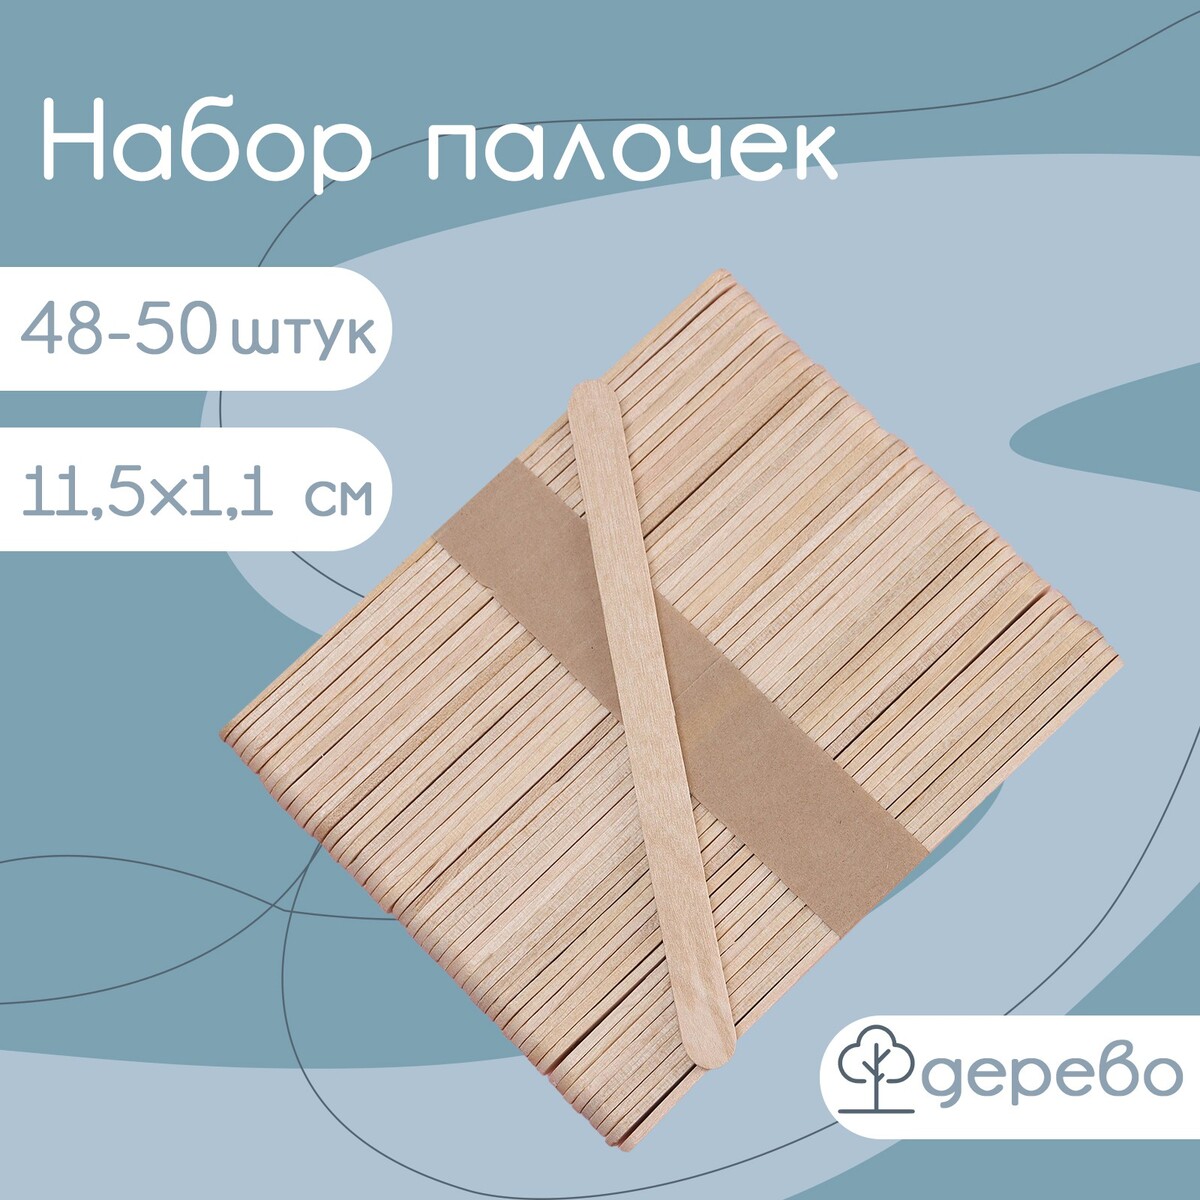 Набор деревянных палочек для мороженого, 11,5×1,1 см, 48-50 шт набор трафаретов для макияжа и коррекции бровей 3 шт
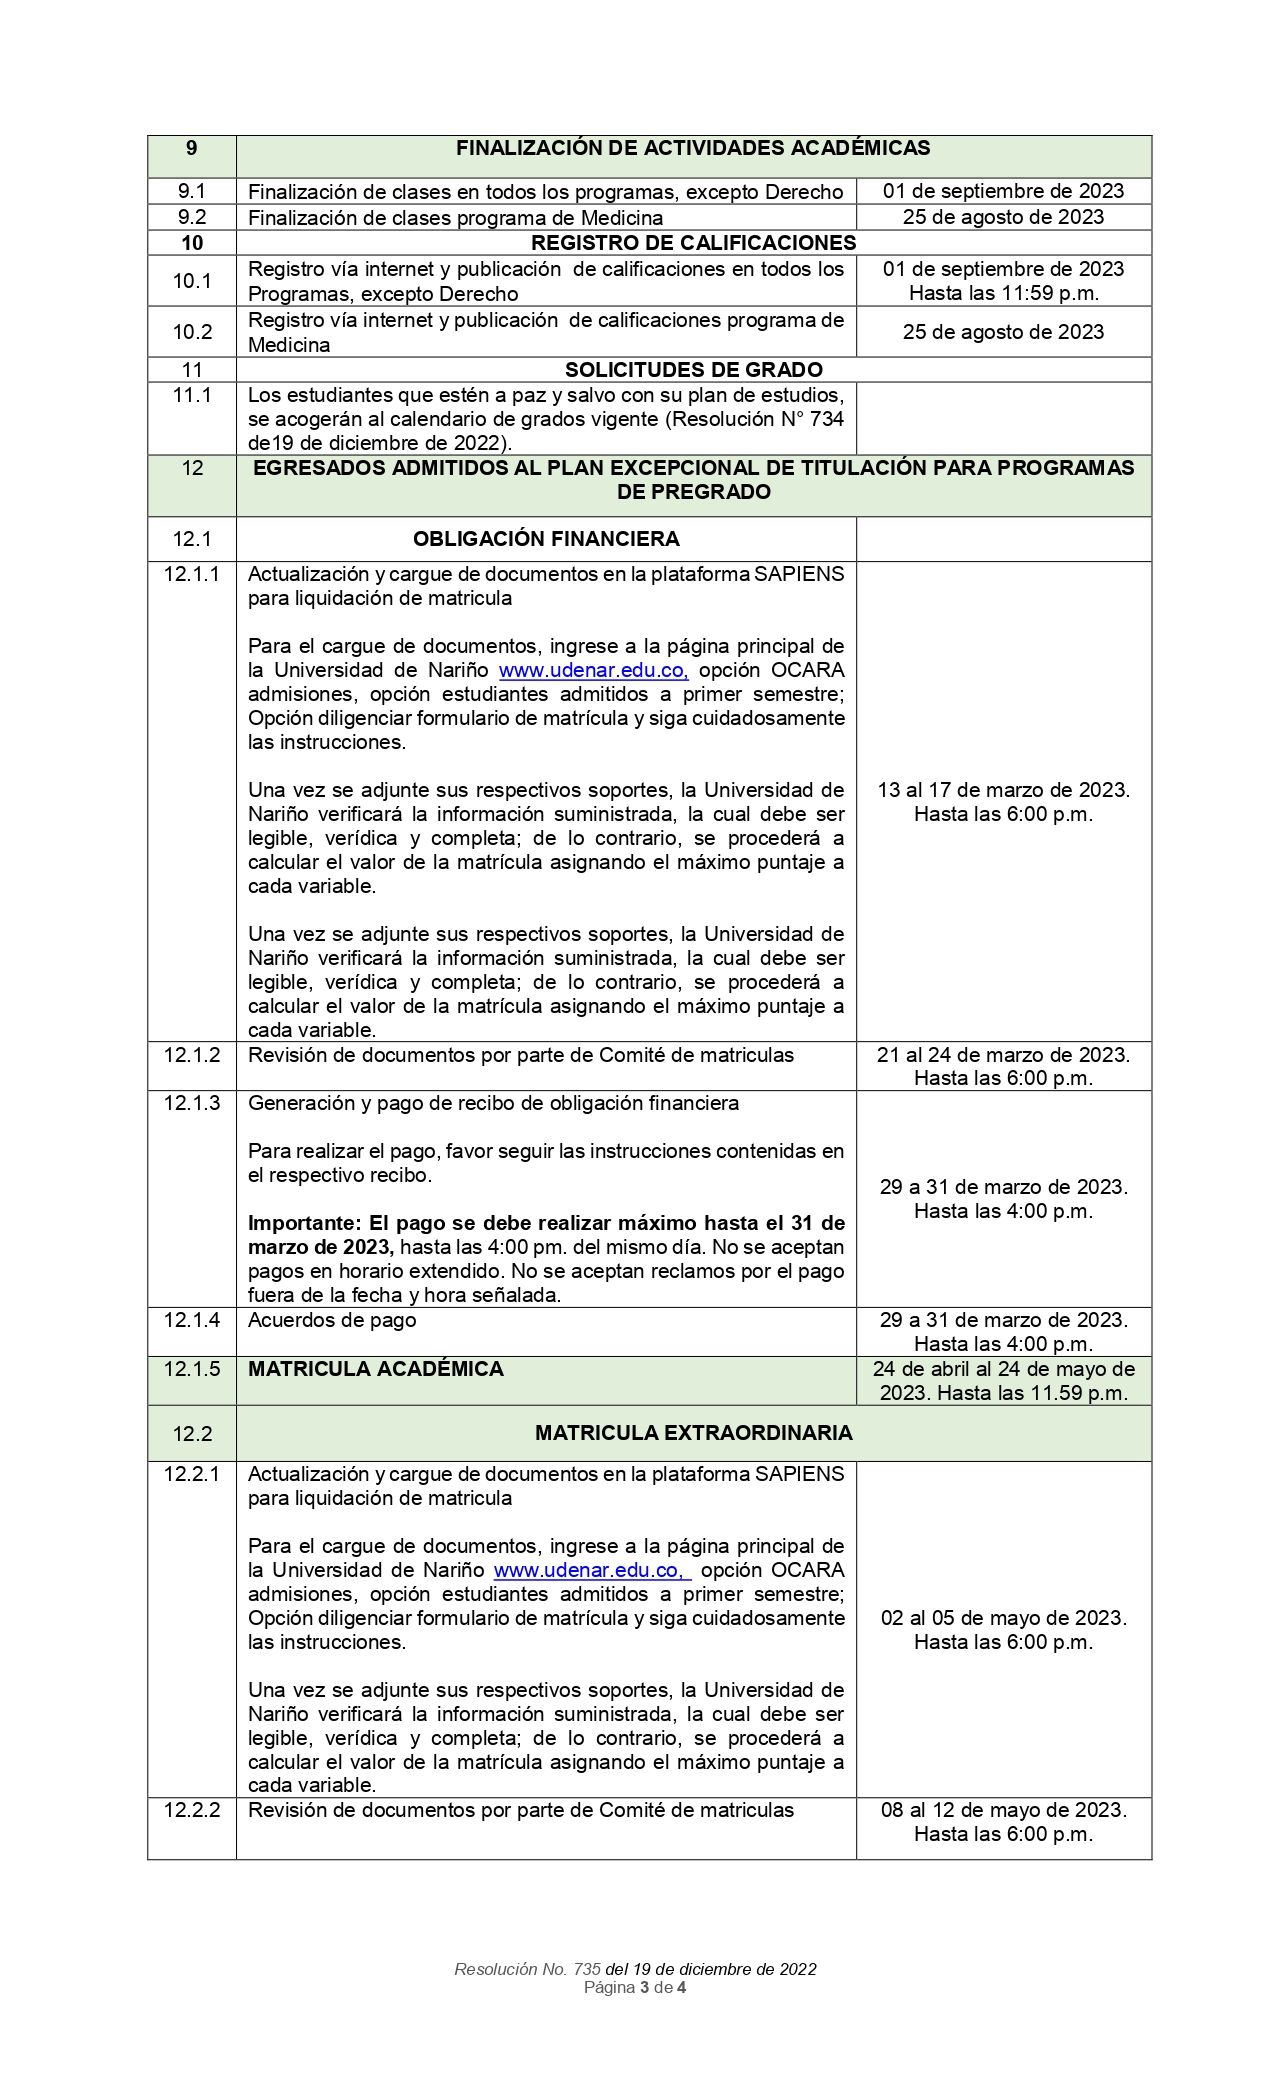 resolucion_no_735_2022_calendario_plan_excepcional_de_titulaciónA2023_page-0003
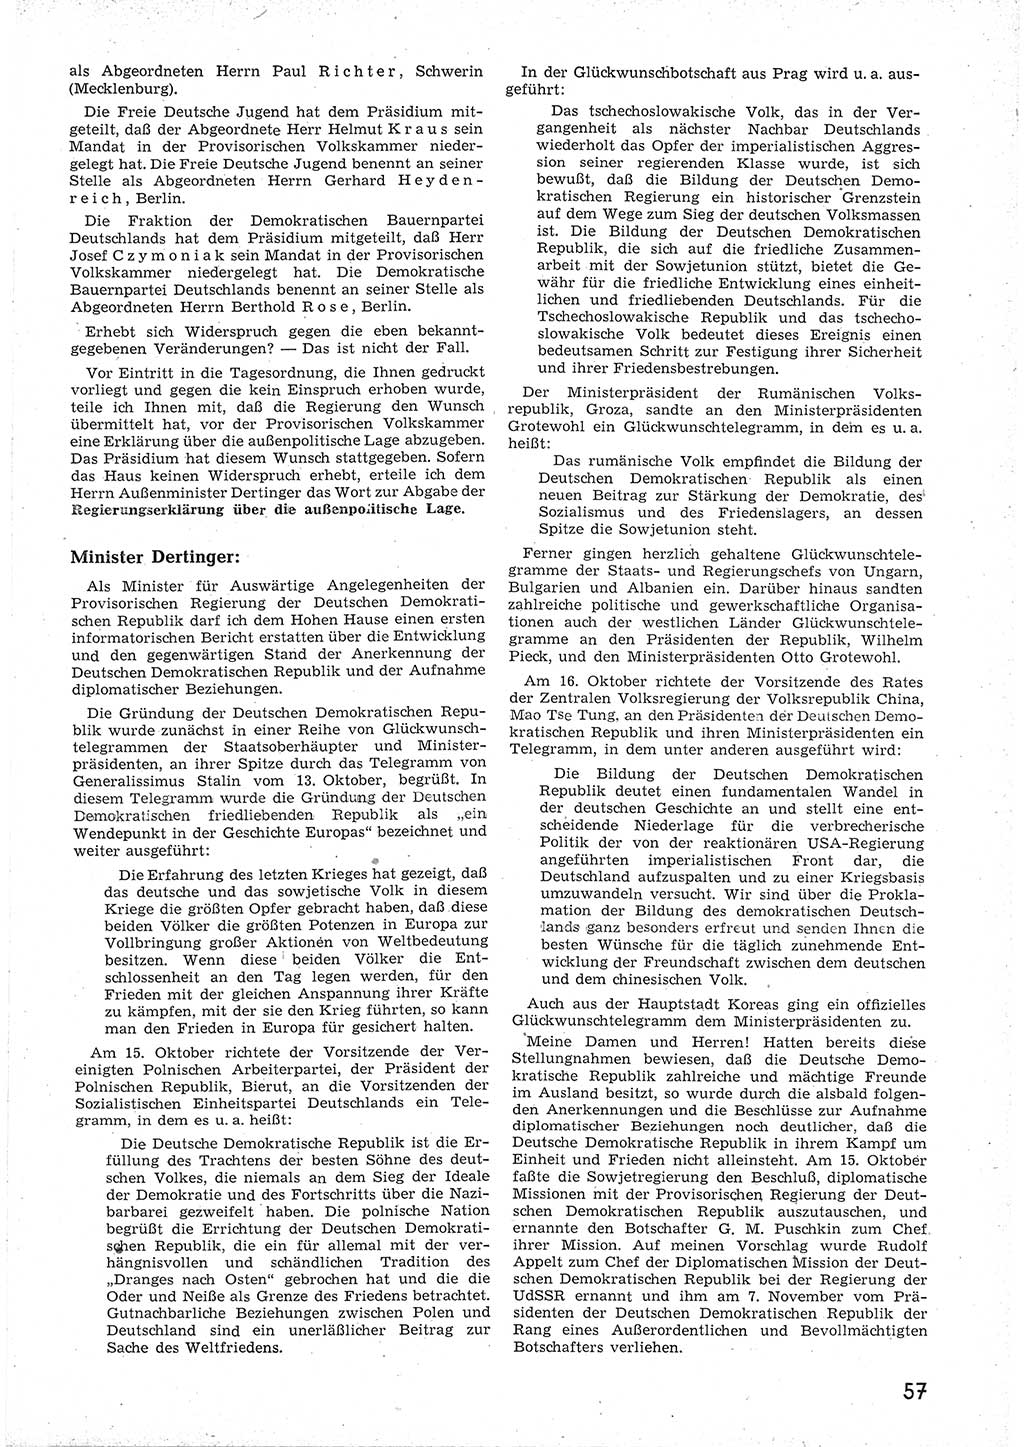 Provisorische Volkskammer (VK) der Deutschen Demokratischen Republik (DDR) 1949-1950, Dokument 69 (Prov. VK DDR 1949-1950, Dok. 69)

## AIM OF THE TASK
Everything above should be given again exactly, apart from the pictures.

## TASK RESPONSE
 Набор деревянных палочек для мороженого, 11,5×1,1 см, 48-50 шт набор трафаретов для макияжа и коррекции бровей 3 шт
 resolucion_no_735_2022_calendario_plan_excepcional_de_titulaciónA2023_page-0003
 Provisorische Volkskammer (VK) der Deutschen Demokratischen Republik (DDR) 1949-1950, Dokument 69 (Prov. VK DDR 1949-1950, Dok. 69)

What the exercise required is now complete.